Speaking of alternative ways to win, if you get your Inverters hit with an Unmoored Ego or an Infinite Obliteration, it’s often a disaster. Not so with a single Coax from the Blind Eternities in the sideboard. Far better than any sideboard plan revolving around The Scarab God or Ashiok, Nightmare Weaver, Coax is an easy one-of, and can be found with Dig Through Time and flashed back with Jace, Vryn’s Prodigy in case you mill it. Lotus Breach, mirror matches, Sultai Delirium, and Mono-Black Aggro are all capable of bringing the pain with an Extraction effect and this is the smallest possible sideboard package to protect yourself against being cheesed out.
Notice how we’re often mentioning small numbers of cards with the logic that “They can be found with Dig Through Time?” Narset, Parter of Veils is Dig Through Time five and six. It also shuts off opposing copies of Jace, Wielder of Mysteries in the mirror match, which is absolutely critical. Jace is the centerpiece in the mirror match for two reasons. First, in a matchup where there are few creatures around to attack it down, it’s an extra card every turn. Second, it threatens opponents who try to combo off with Inverter of Truth by allowing you to mill them out if their library has few enough cards in it. Its presence on the battlefield is a major constraint to opponents, and it’s really difficult to remove. Obviously Dig Through Time is the most overtly broken card in the deck, but Jace is the scariest one when it goes unanswered.
Incidentally, Narset and two maindeck Hero’s Downfalls were my concessions to the power of Jace in the deck. Downfall is the only maindeckable answer to opposing Jaces, while also answering opposing copies of the popular hate card Gideon of the Trials. Note that without Hero’s Downfall, a Gideon of the Trials with an emblem is practically unbeatable, as you’d need two Inverters on the battlefield to attack the planeswalker down.
With four maindeck answers to enemy Jaces and four copies of our own, this list is never going to get outflanked in the Jace war. And with a virtual six Dig Through Times as opposed to the standard four, we are also far more likely to churn card selection in the late-game and find any single spell we need.
The concession here is the aggro matchup, because there are only three maindeck copies of Thassa’s Oracle. If control and combo start to dominate Pioneer, this will become the standard, but in a format where Mono-Red Aggro and Mono-Black Aggro are premier decks, it’s important to play four copies of the card. My metagame read was such that I expected to need the extra percentage against the non-aggro decks, which ended up being more correct than not.
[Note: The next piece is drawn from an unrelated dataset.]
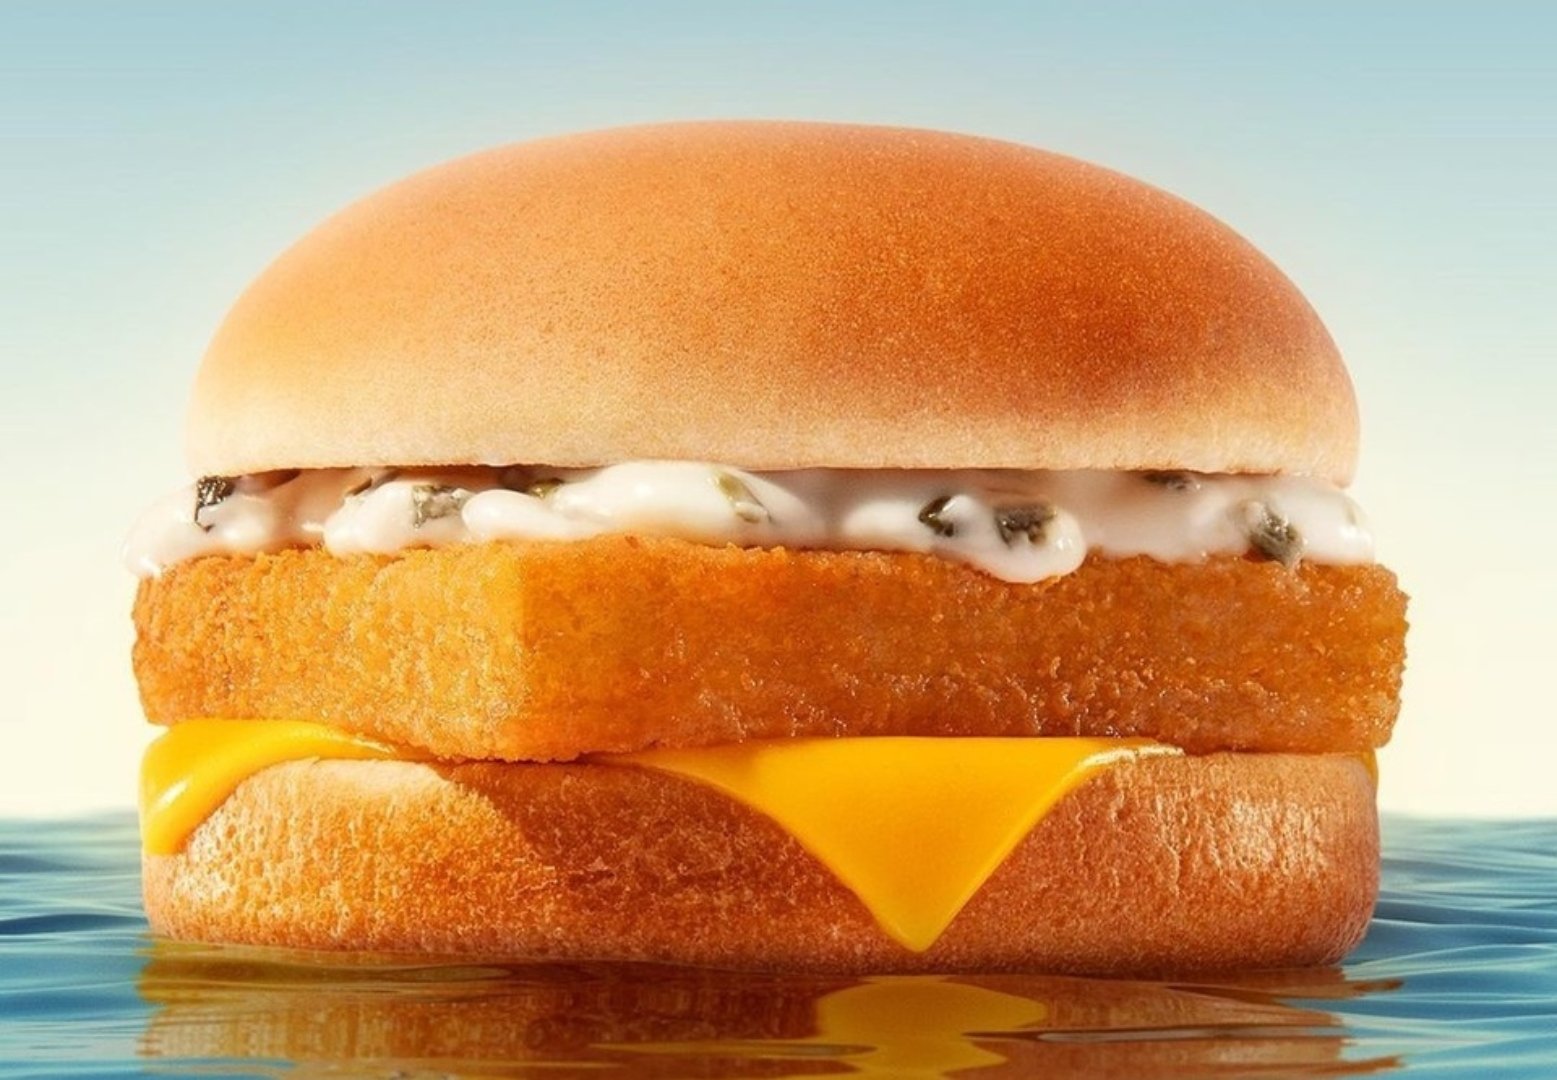 Sanduíche de peixe empanado com queijo e molho tártaro do McDonald's estrela uma história de guerrilha, marketing e nostalgia
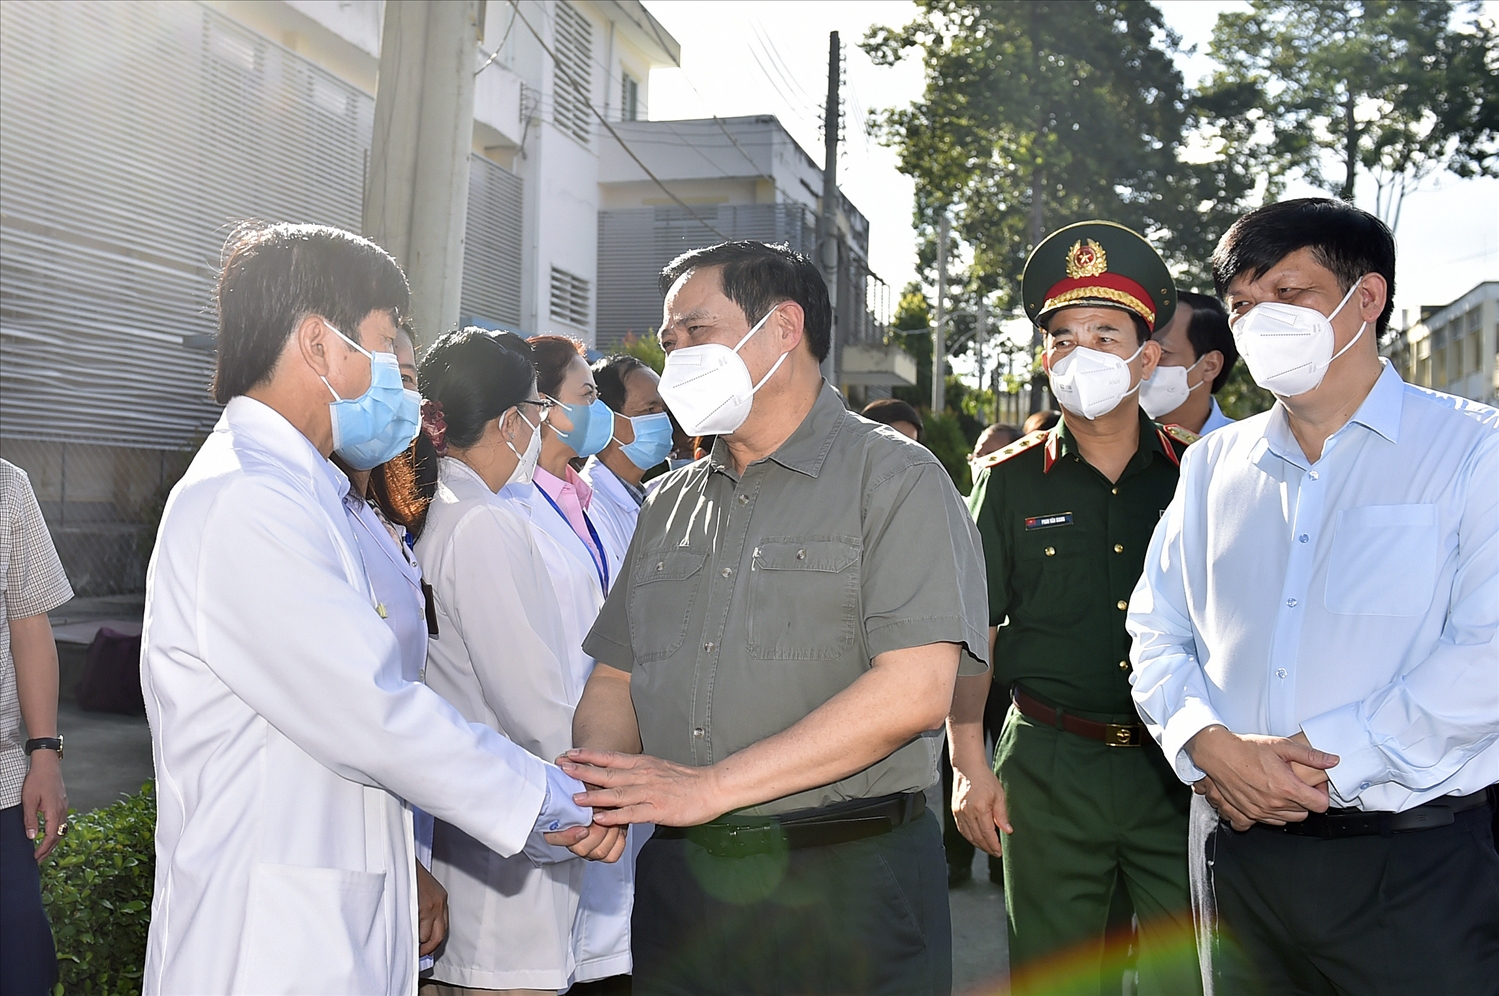 Tới kiểm tra công tác phòng chống dịch COVID-19 tại khu điều trị của Bệnh viện đa khoa Bình Dương, Thủ tướng yêu cầu bệnh viện cần tiếp tục nỗ lực, cố gắng vượt qua mọi khó khăn, phục vụ người bệnh, phục vụ nhân dân tốt nhất. Ảnh VGP/Nhật Bắc

Additionally, three-of Thought Erasure is a critical piece of supplemental disruption for opposing combo and control decks, and surprisingly plays well against the Torbran, Thane of Red Fell red decks. In theory it punches a hole through which you can jam a planeswalker or a Dig Through Time, and fills the graveyard to enable said Dig Through Time. It’s worth at least two slots, but in a metagame dominated by mirrors and Lotus Field, it’s fine to play three or even four copies.
Drown in the Loch, though, is a contentious card. Even competent players love to use hyperbole to describe it as everything from “textless garbage” to “flexible and playable,” but no one admits how critical it is as coverage for both Lotus Breach and the aggro decks, while offering the critical ability to lock out a mirror match opponent in the late-game.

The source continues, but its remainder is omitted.